-- Given information follows --

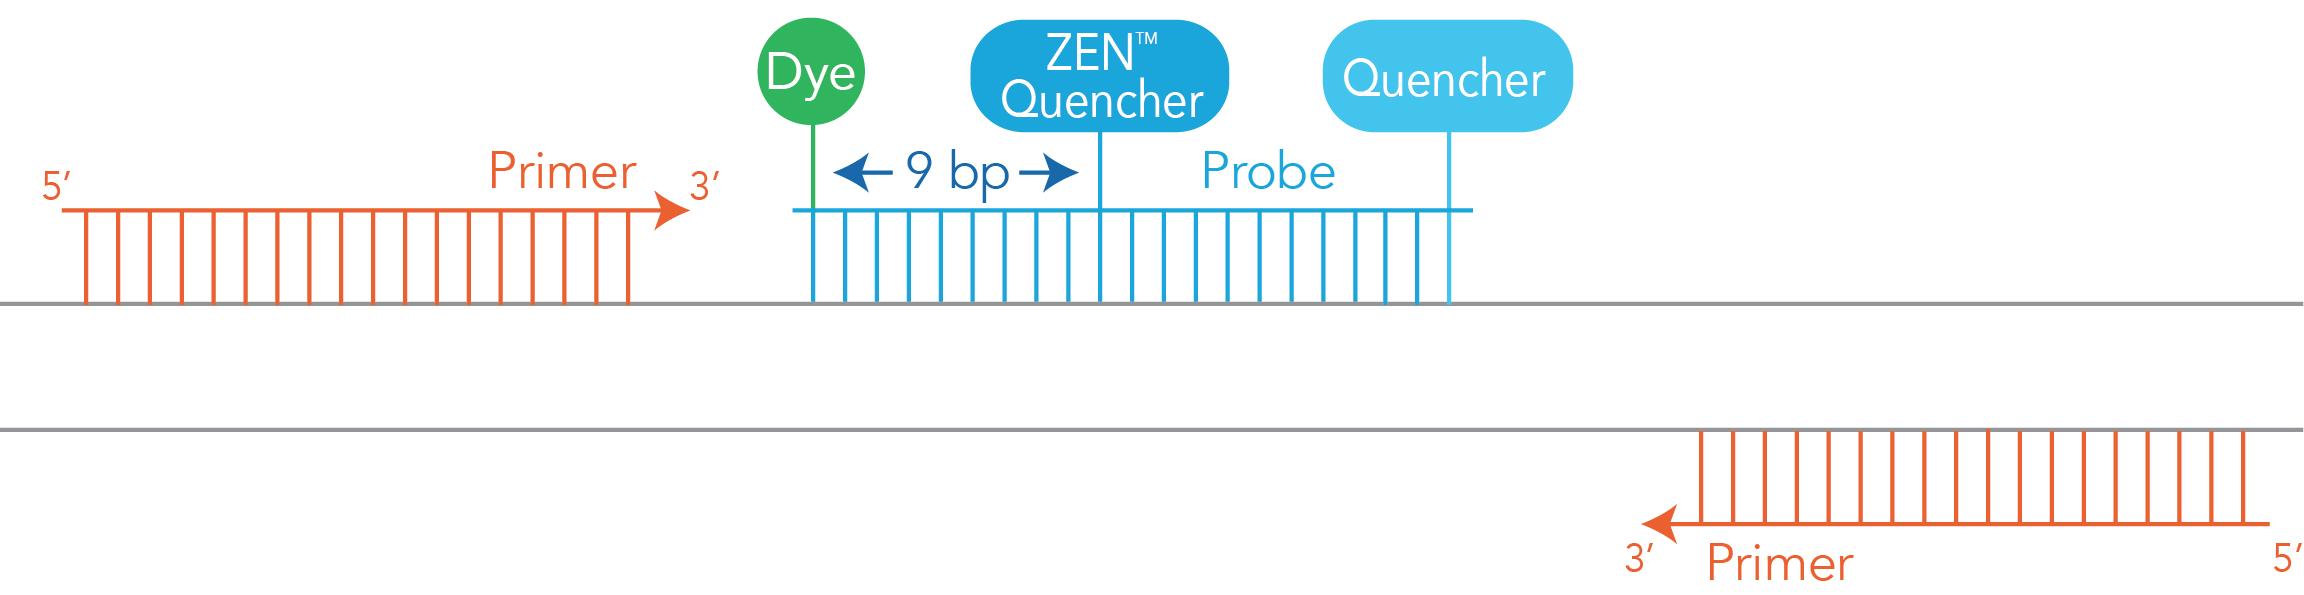 DOart57-PT-Dye Quencher-Fig3A_Zen
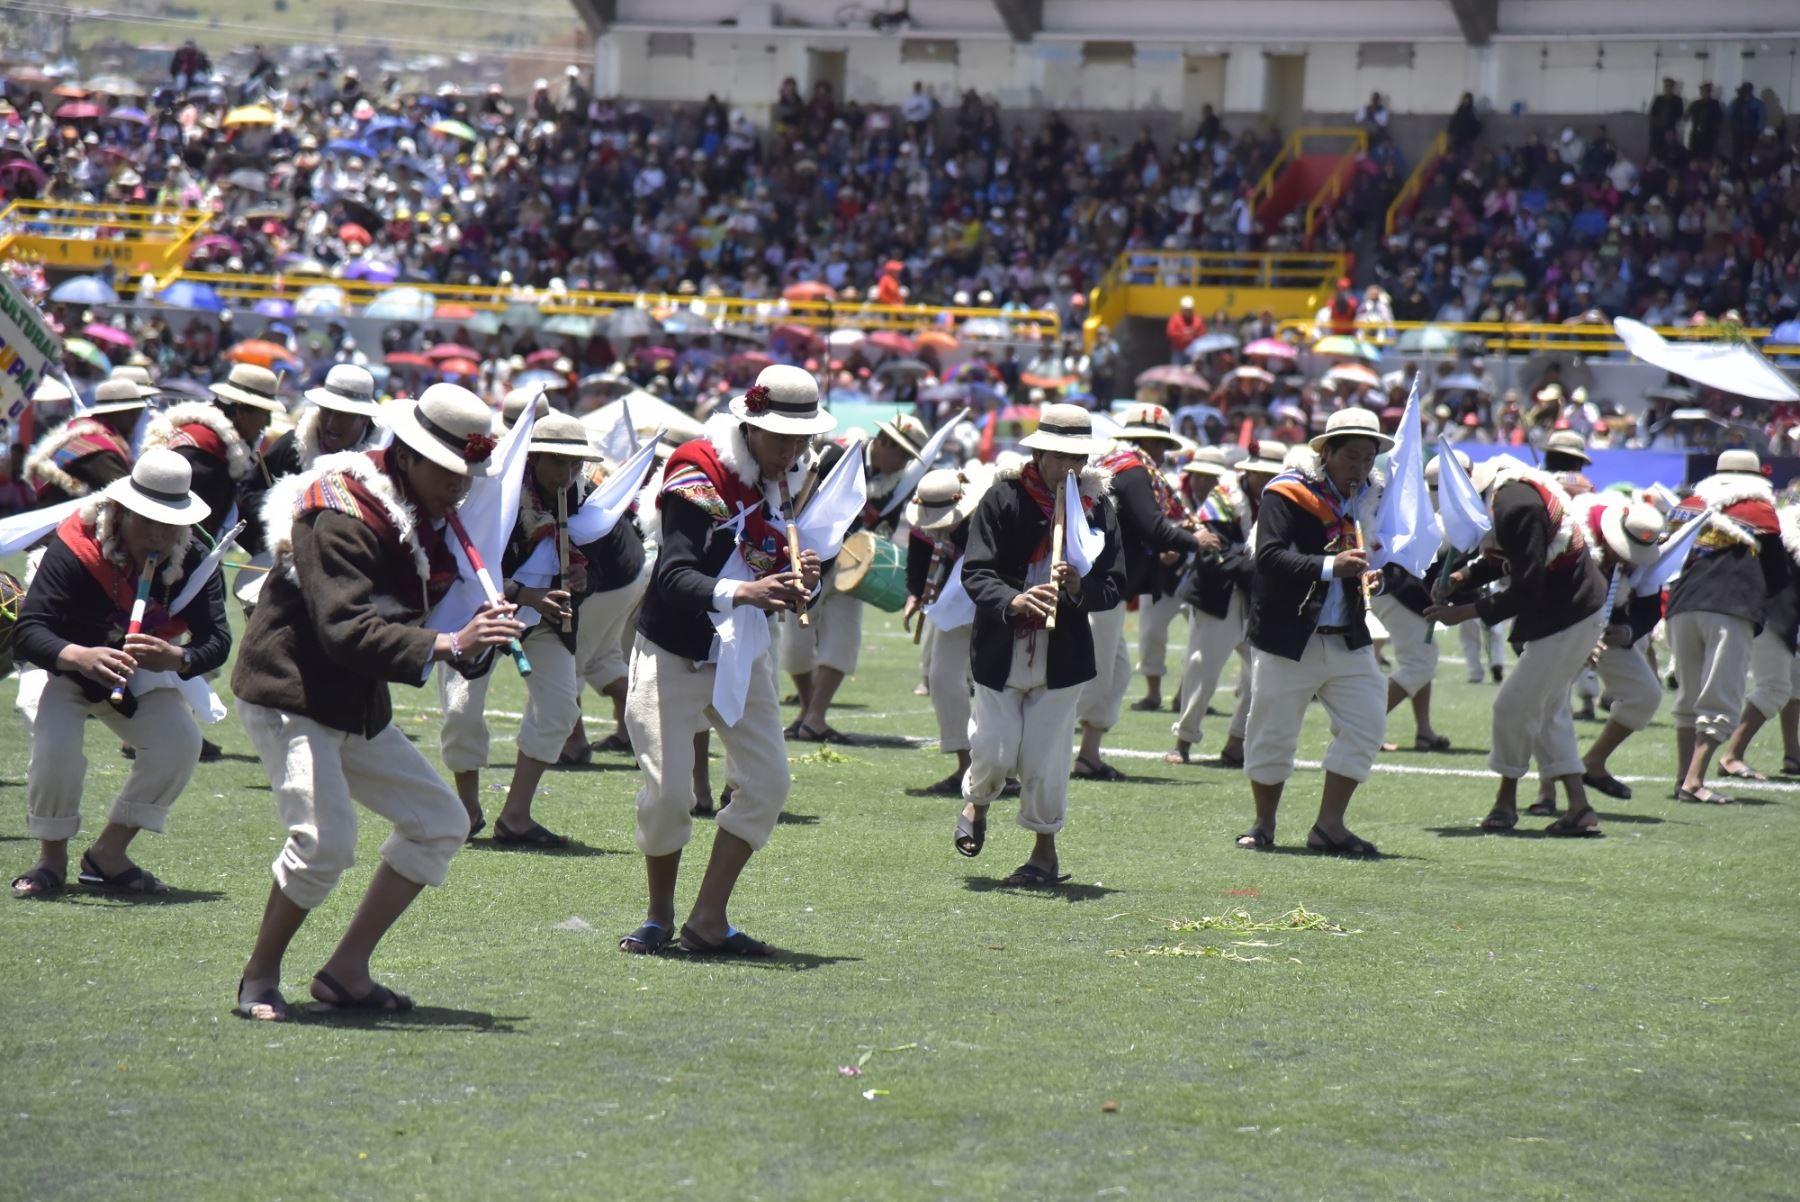 Concurso regional de danzas con trajes autóctonos se realizó en el Estadio Enrique Torres Belón.
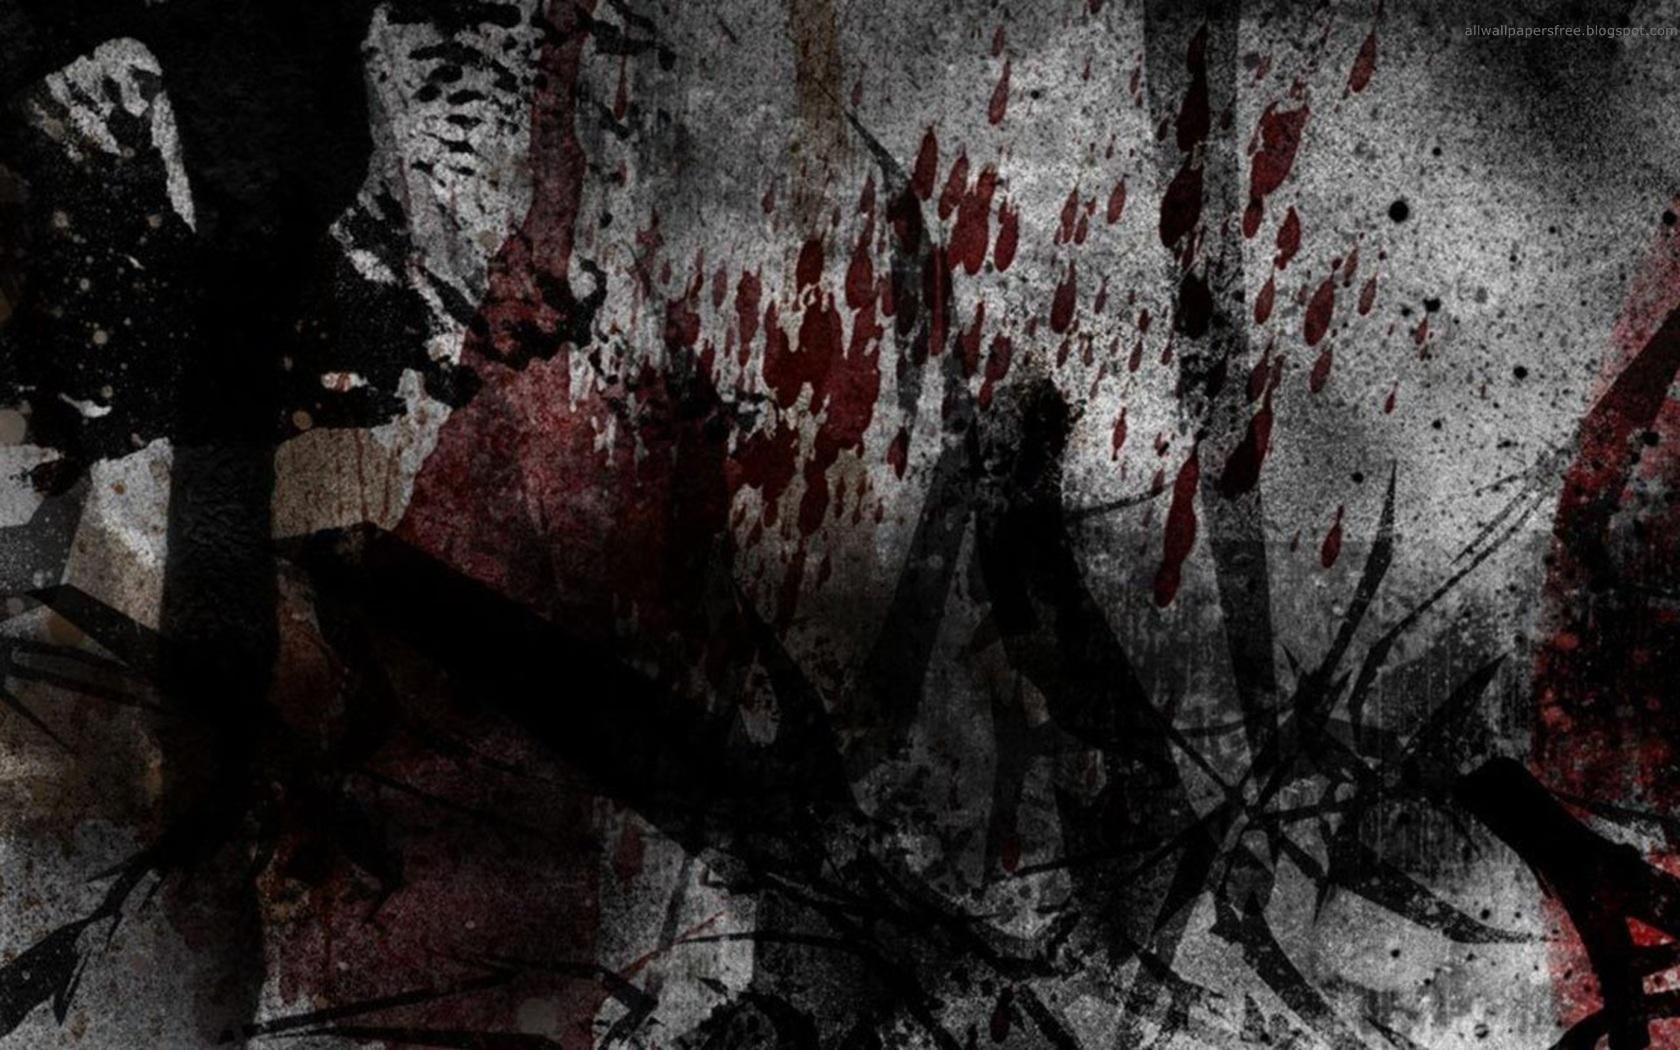 Dark Art Wallpaper - WallpaperSafari
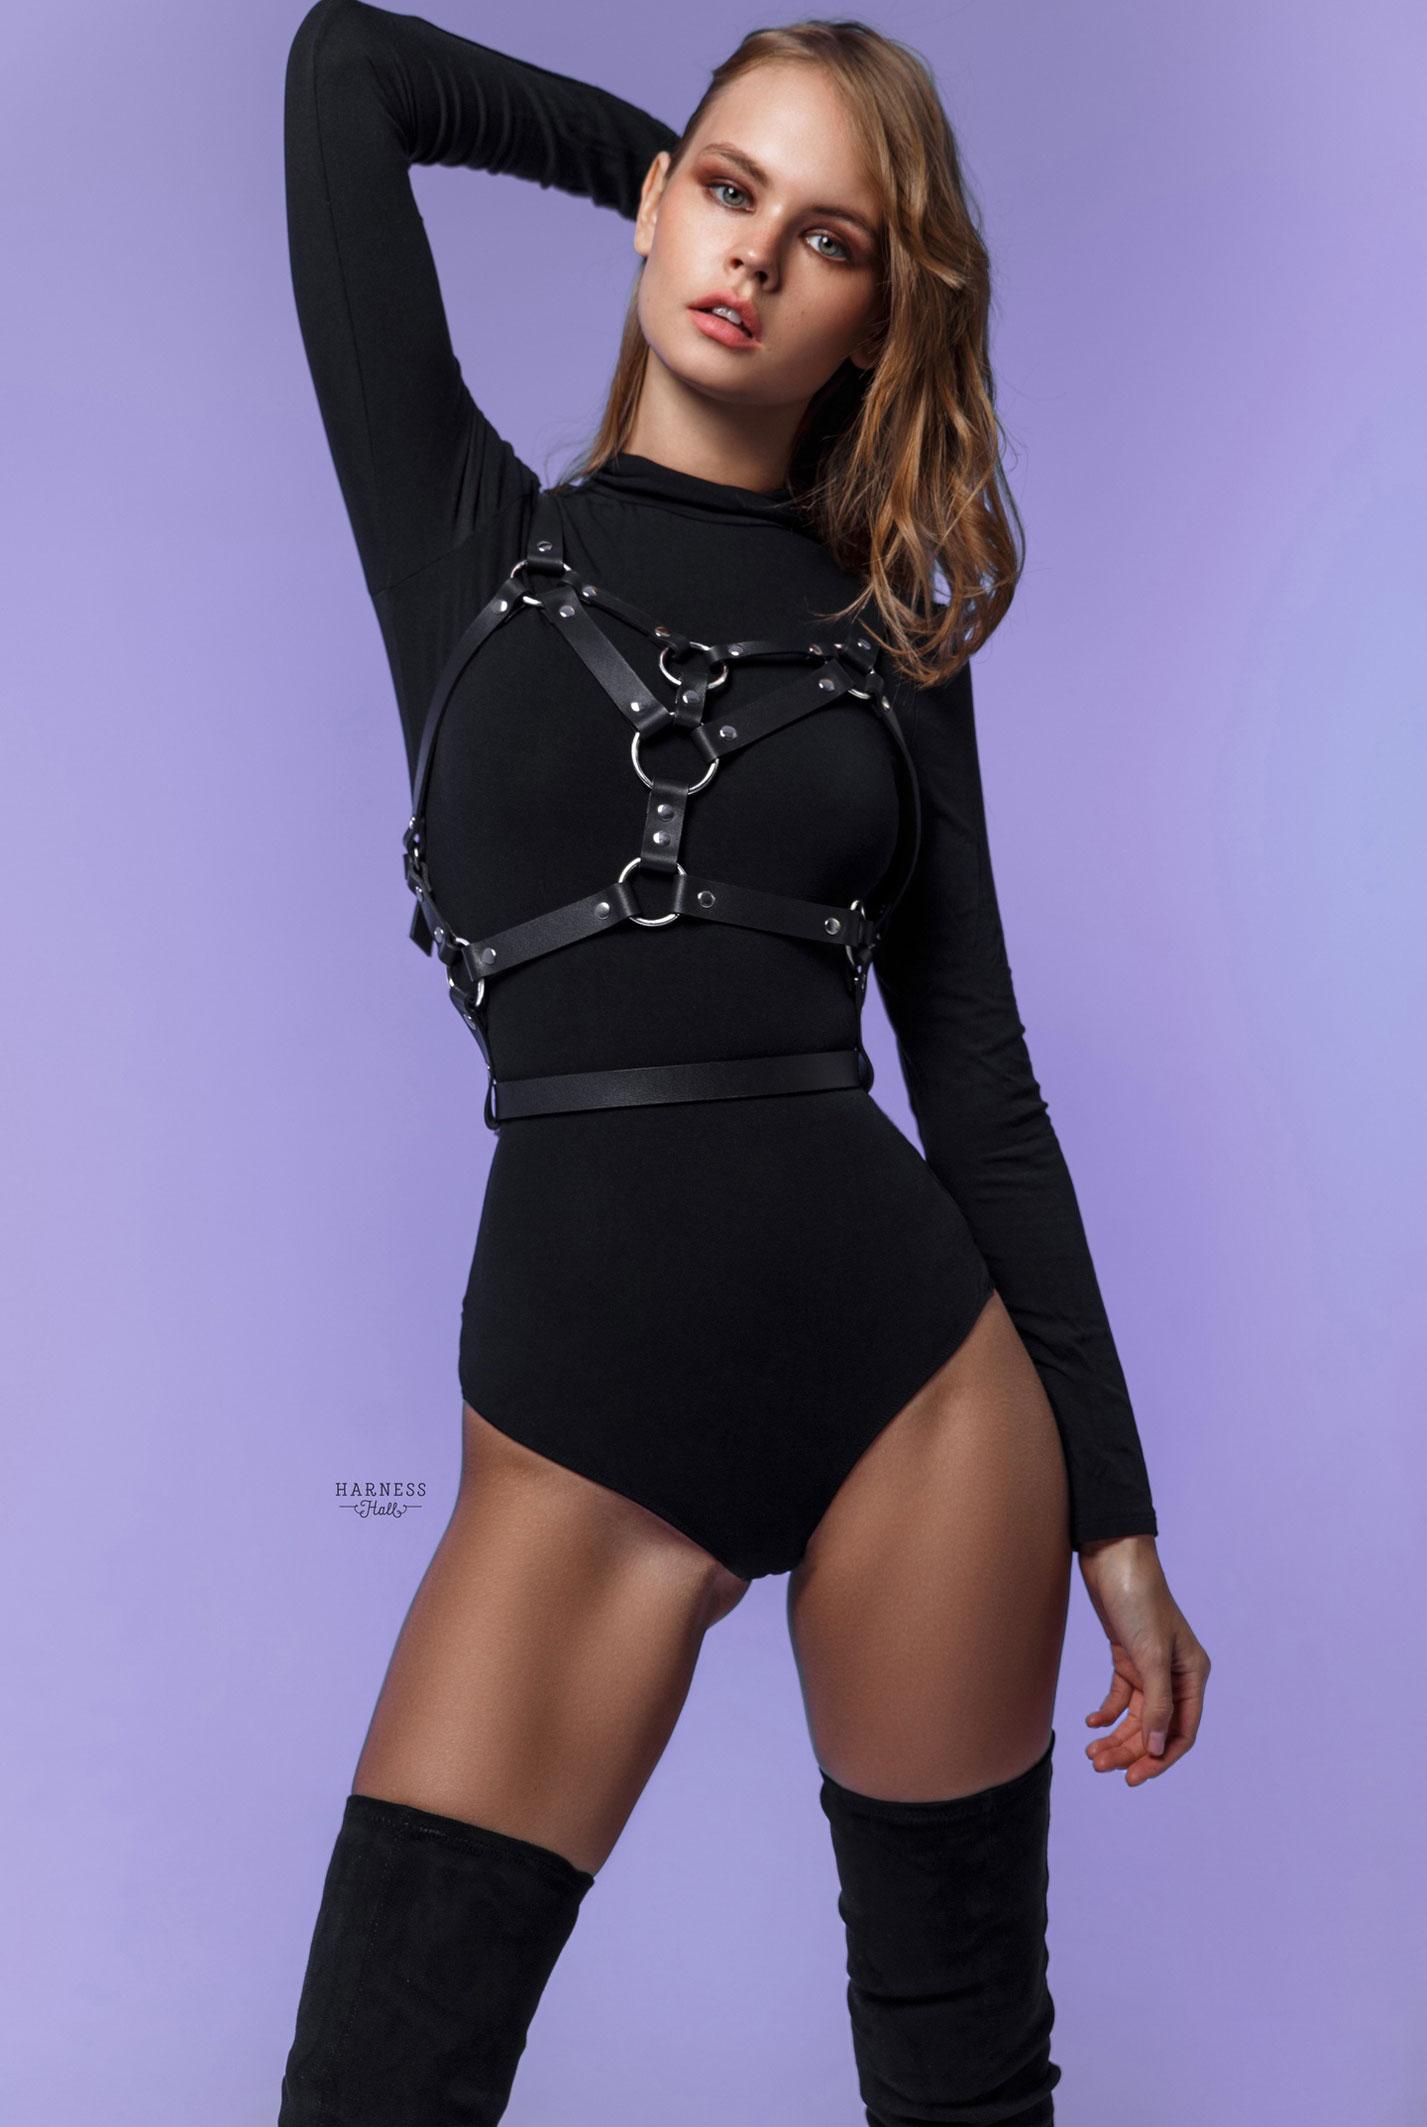 Анастасия Щеглова в нижнем белье Harness Hall, 2018 год / фото 12

-- Given information concluded --

▶ _Task to complete_
Make an exact copy of the data, leaving its pictures out.

▶ _Response area_
 DOart57-PT-Dye Quencher-Fig3A_Zen
 Concurso regional de danzas con trajes autóctonos se realizó en el Estadio Enrique Torres Belón.
 Dark Art Wallpaper - WallpaperSafari
 Анастасия Щеглова в нижнем белье Harness Hall, 2018 год / фото 12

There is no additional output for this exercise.